GPT-5.1 & the AI Frontier — Łukasz Kaiser (OpenAI, Transformer Co-Author)
Timestamps are as accurate as they can be but may be slightly off. We encourage you to listen to the full context.
Podcast Summary
In this fascinating conversation, Łukasz Kaiser, co-author of the groundbreaking "Attention Is All You Need" paper and current OpenAI research scientist, explains why the narrative of AI progress slowing down is fundamentally wrong. (02:29) From inside the labs, AI progress continues as a smooth exponential curve, driven by both the maturation of pre-training and the emergence of reasoning models—a paradigm shift that began just three years ago but is delivering extraordinary capabilities.

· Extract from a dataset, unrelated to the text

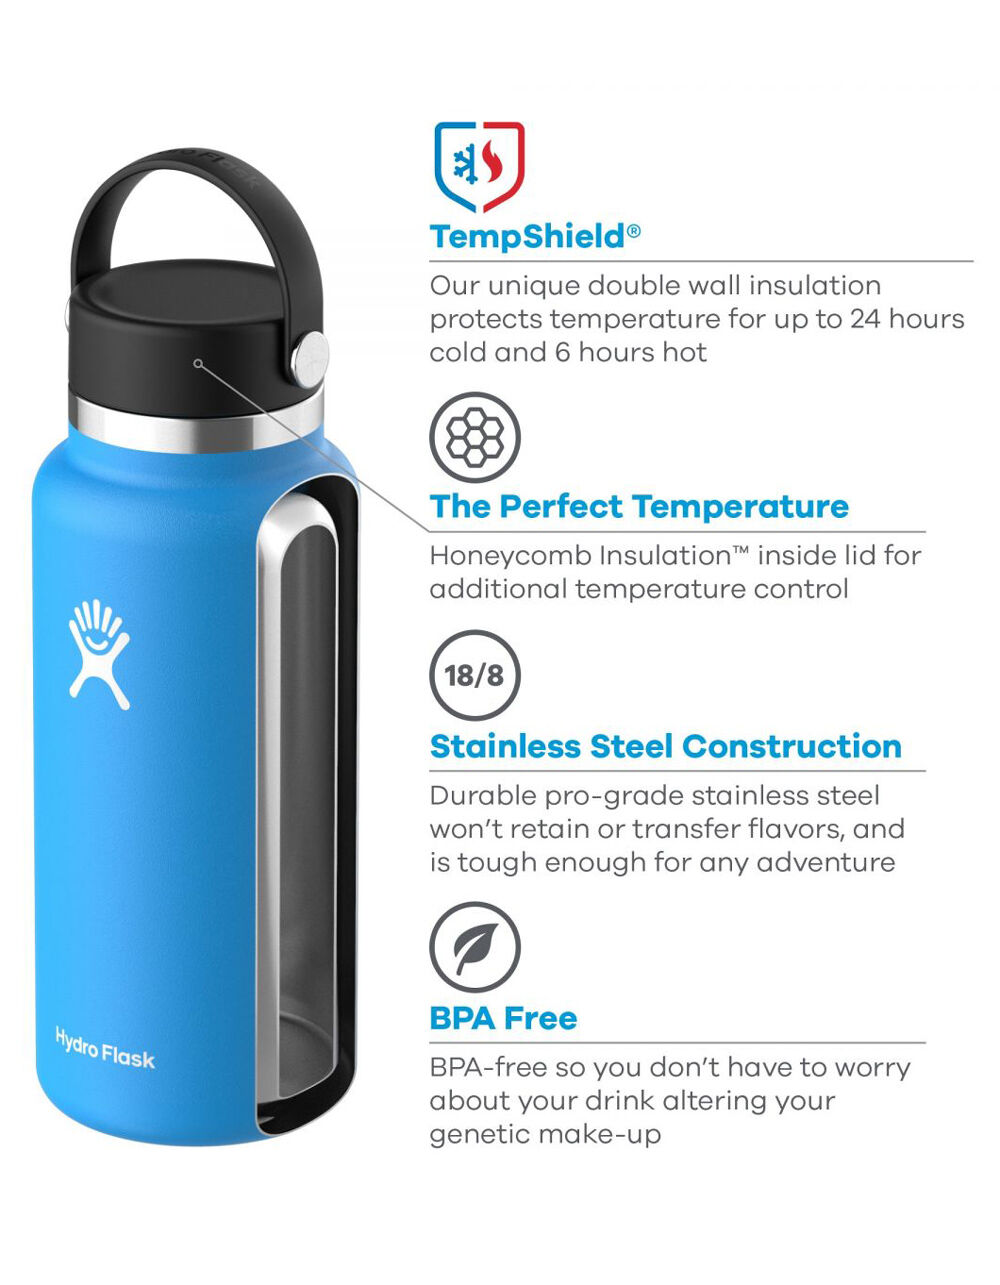 HYDRO FLASK 32 oz Wide Mouth Water Bottle - Special Edition - MOSS, Tillys, Salesforce Commerce Cloud

- Main Theme: The episode explores the dual paradigms powering modern AI: pre-training at scale and reinforcement learning-based reasoning models, revealing how these complement each other to create increasingly capable systems that can think, use tools, and solve complex problems across domains like mathematics and coding.
Speakers
Łukasz Kaiser
Łukasz Kaiser is a leading research scientist at OpenAI and one of the co-authors of the seminal "Attention Is All You Need" paper that introduced the Transformer architecture powering modern LLMs. He previously worked at Google Brain under Ray Kurzweil and Ilya Sutskever, bringing a background in theoretical computer science and mathematics from his academic work in Poland, Germany, and France.
Matt Turck
Matt Turck is Managing Director at FirstMark Capital and host of the MAD podcast. He focuses on data and AI investments and regularly interviews leading figures in the AI space about the latest developments in the field.
Key Takeaways
AI Progress Follows Moore's Law Pattern
Despite narratives of slowdown, AI progress continues as a smooth exponential increase in capabilities, similar to Moore's Law. (02:49) Just as Moore's Law persisted through multiple underlying technologies over decades, AI advancement continues through different paradigms—first transformers, now reasoning models. From inside the labs, there's never been reason to believe this trend isn't continuing. The perception of slowdown often comes from outside observers who miss the technical transitions happening beneath the surface improvements.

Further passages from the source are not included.